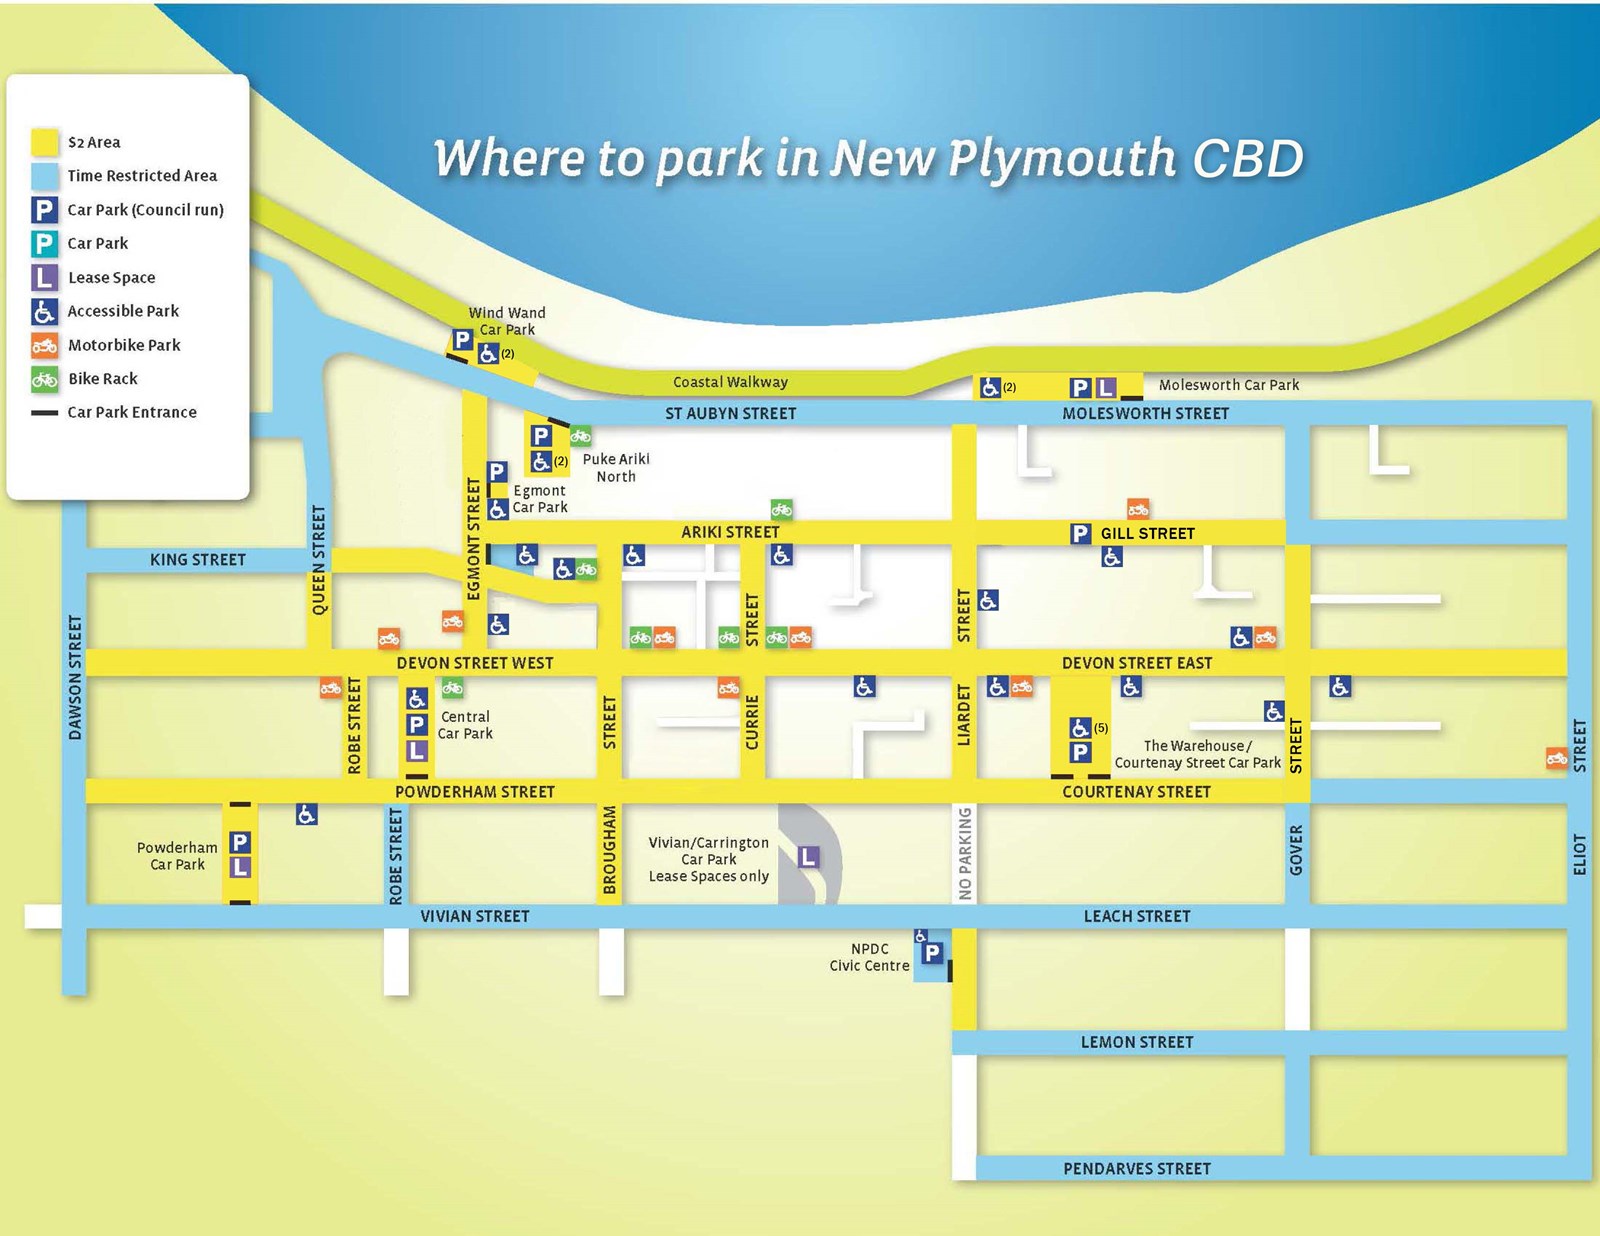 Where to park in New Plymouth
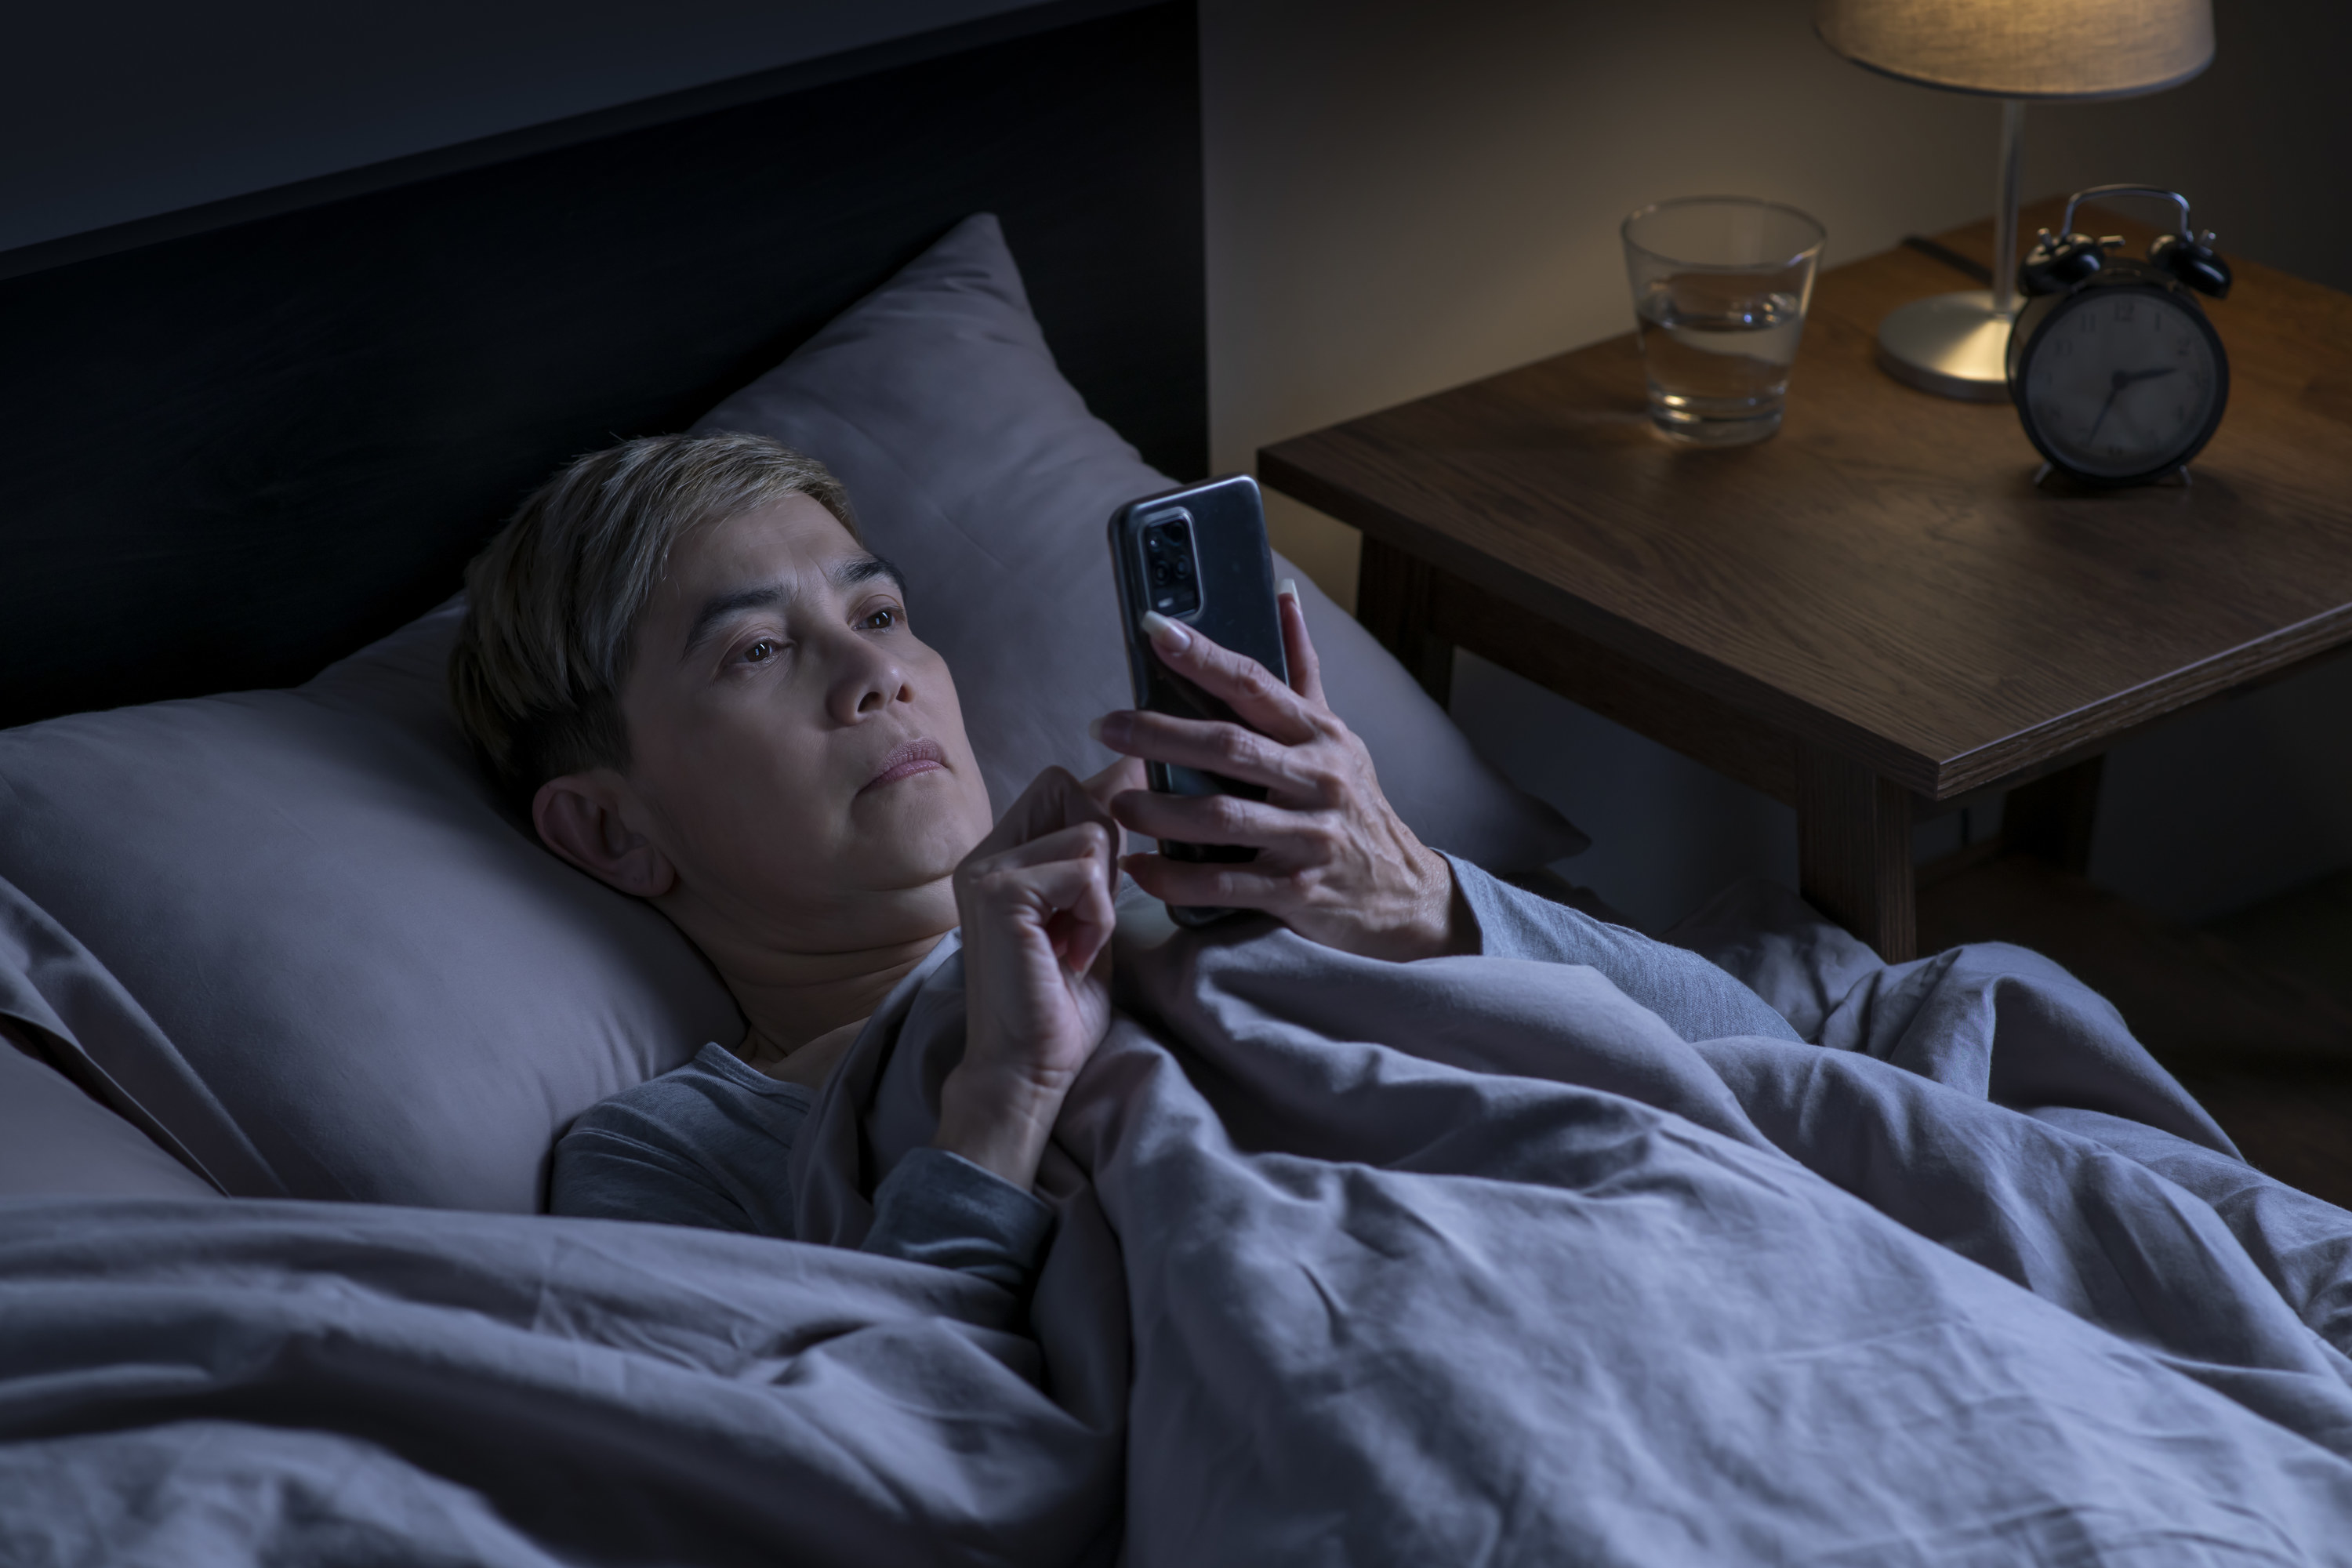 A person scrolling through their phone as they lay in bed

--

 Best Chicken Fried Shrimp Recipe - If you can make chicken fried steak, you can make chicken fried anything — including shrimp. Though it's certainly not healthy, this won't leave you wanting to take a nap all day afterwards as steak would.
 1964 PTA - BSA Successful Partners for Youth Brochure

» **What to work on**:
Go to the line with "Best Chicken Fried" in the entries above and repeat every line from there through the line with "1964 PTA - BSA", exactly and with no other text.

» **Task output**:
 Best Chicken Fried Shrimp Recipe - If you can make chicken fried steak, you can make chicken fried anything — including shrimp. Though it's certainly not healthy, this won't leave you wanting to take a nap all day afterwards as steak would.
 1964 PTA - BSA Successful Partners for Youth Brochure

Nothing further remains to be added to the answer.